Adenovirus mediated transfer of p53, GM-CSF and B7-1 suppresses growth and enhances immunogenicity of glioma cells.

Objectives: Malignant gliomas are good targets for gene therapy because they have been proven incurable with conventional treatments. However, malignant gliomas are genetically and physiologically highly heterogeneous, and current gene therapy interventions have been designed to target only a few variations of this kind of disease. Hence, we developed a combined gene therapy approach using a recombinant adenovirus carrying human wild-type p53 (WT-p53), granulocyte-macrophage colony-stimulating factor (GM-CSF) and B7-1 genes (designated BB-102) to combat the disease.

Methods: Human malignant glioma cells U251 and U87 were transduced with BB-102. Expression of WT-p53, GM-CSF and B7-1 genes were determined by Western blot, enzyme linked immunosorbent assay and flow cytometric analysis, respectively.
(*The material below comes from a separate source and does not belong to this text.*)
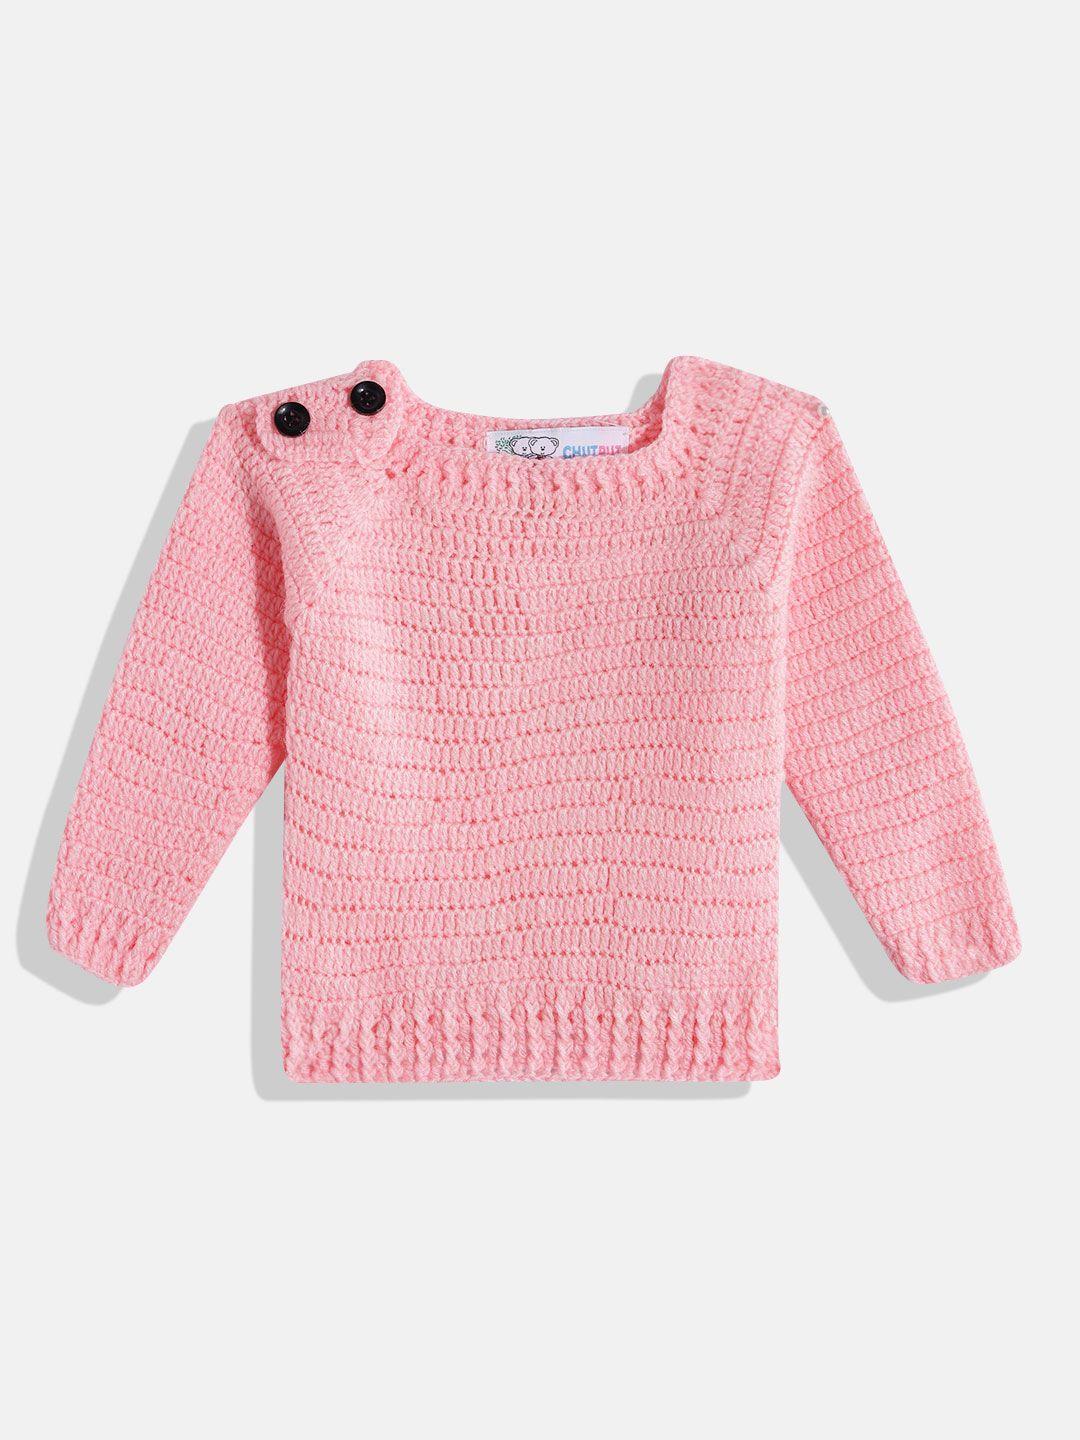 chutput kids crochet woollen pullover

Growth rates were determined by serial cell counts. Apoptosis was detected by flow cytometric analysis. Proliferation of autologous peripheral blood lymphocytes (PBLs) and cytotoxicity against primary glioma cells were assessed by cell proliferation and cytotoxicity assay kits, respectively.

Results: By the transduction of BB-102, high expression levels of the three exogenesis genes were detected in glioma cells. Cell growth was inhibited and apoptosis was induced. Significant proliferation of autologous PBLs and specific cytotoxicity against primary glioma cells were also induced by the infection of BB-102 in vitro, with the effect being more evident than that of Ad-p53.

Conclusion: These results suggest that glioma cell vaccination co-transferred with p53, GM-CSF and B7-1 genes may be a feasible and effective immunotherapeutic approach in glioma treatments.